See-Through Solar Panels Get 50X Thinner in Singapore
Scientists just created solar panels thin enough to see through windows while still generating power. The breakthrough could turn every building into a power plant without changing how it looks.
Imagine if every window in your office building could generate electricity without blocking your view of the sky. That future just got a lot closer.
Researchers at Nanyang Technological University in Singapore have developed solar panels so thin they're practically invisible. We're talking about panels just 10 nanometers thick, compared to the usual 500 to 700 nanometers. That's 50 times thinner than conventional solar cells.
"We push perovskite solar cells to the ultimate thickness limit," researcher Annalisa Bruno explained. The result is solar technology that's both efficient and genuinely see-through.
The breakthrough solves a problem that has stumped scientists for years: how do you make solar panels transparent enough for windows while keeping them powerful enough to matter? The team cracked it by using special materials called perovskites and processing them in a vacuum to create ultra-smooth, uniform films.
The numbers are impressive. A panel just 60 nanometers thick achieved nearly 8% efficiency while staying 41% transparent. The 30 and 60 nanometer versions hit the highest light utilization efficiency ever recorded for transparent solar cells.

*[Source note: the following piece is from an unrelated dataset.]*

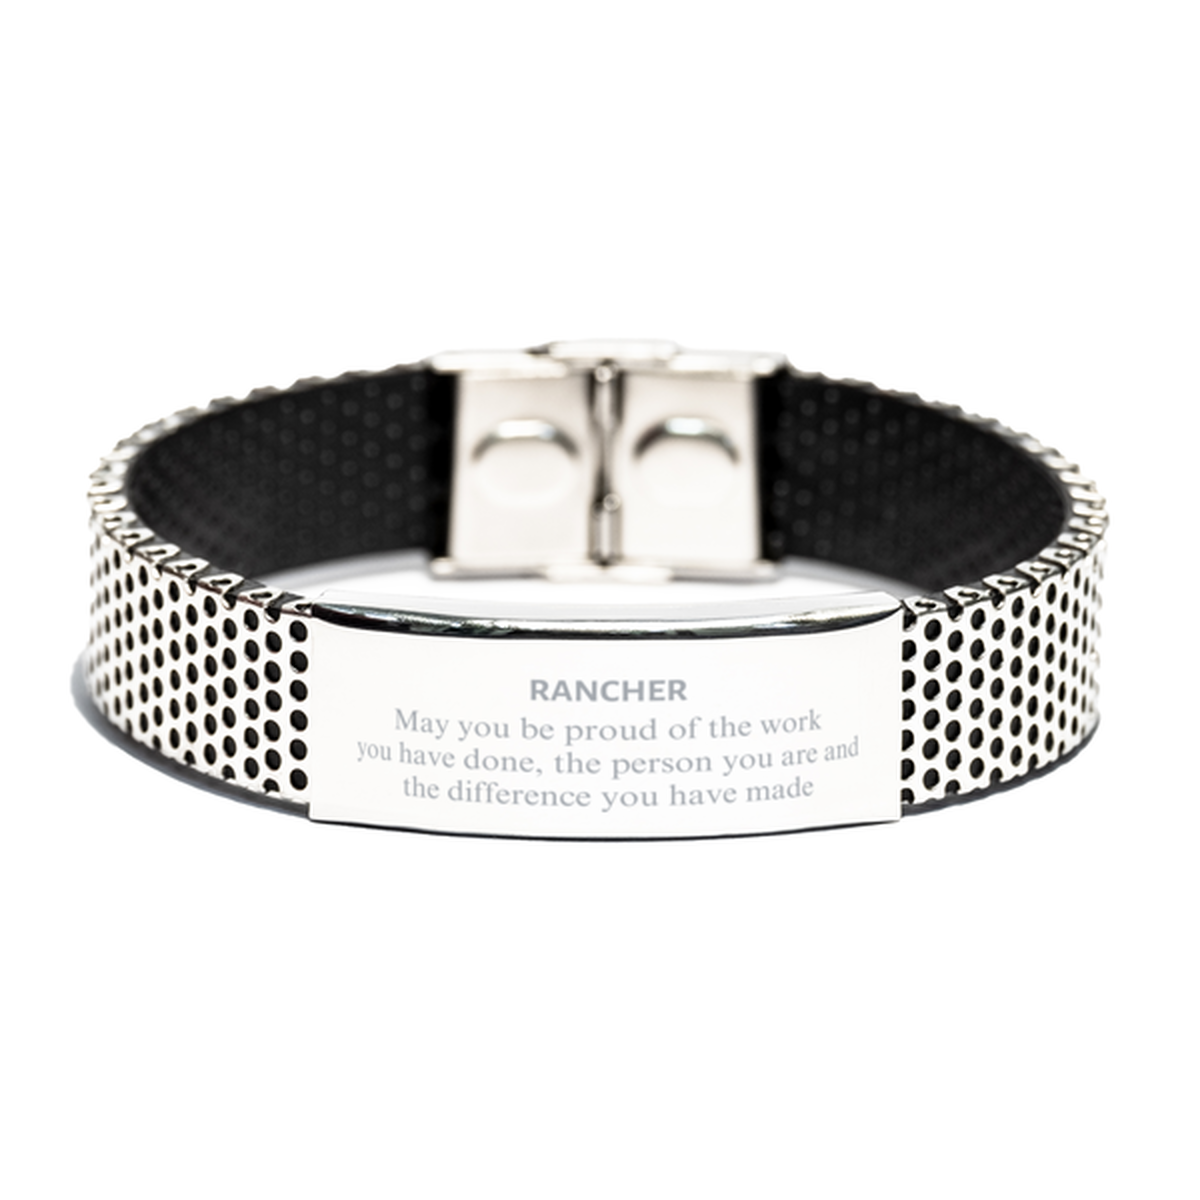 Rancher May you be proud of the work you have done, Retirement Rancher Stainless Steel Bracelet for Colleague Appreciation Gifts Amazing for Rancher

Even better, these panels look good. They maintain near color-neutral transparency with a color rendering index of 79.7, meaning they won't cast weird tints across your room or office. You'd barely notice them in a window frame.
The team tested panels at 10, 30, and 60 nanometers thick. The thinnest version reached 7% efficiency, the 30 nanometer model hit 11%, and the 60 nanometer version achieved 12%. All three kept performing well even in low light conditions.
The Ripple Effect
Buildings account for a massive chunk of global energy consumption. Turning windows into power generators without sacrificing natural light or aesthetics could transform how cities produce and use energy.
"Technologies that enable buildings to generate electricity without altering their appearance are expected to play a central role in the expansion of distributed renewables," Bruno noted. The vacuum processing method the team developed is also scalable for large-area manufacturing.
Lead researcher Luke White believes the technology can improve even further. With additional optical engineering, the light utilization efficiency could climb above 5%, making these transparent panels even more practical for real-world applications.
The research appears in ACS Energy Letters, marking a significant step toward seamlessly integrating clean energy into the places we live and work.
Buildings worldwide could soon generate their own power while staying as beautiful and bright as they've always been.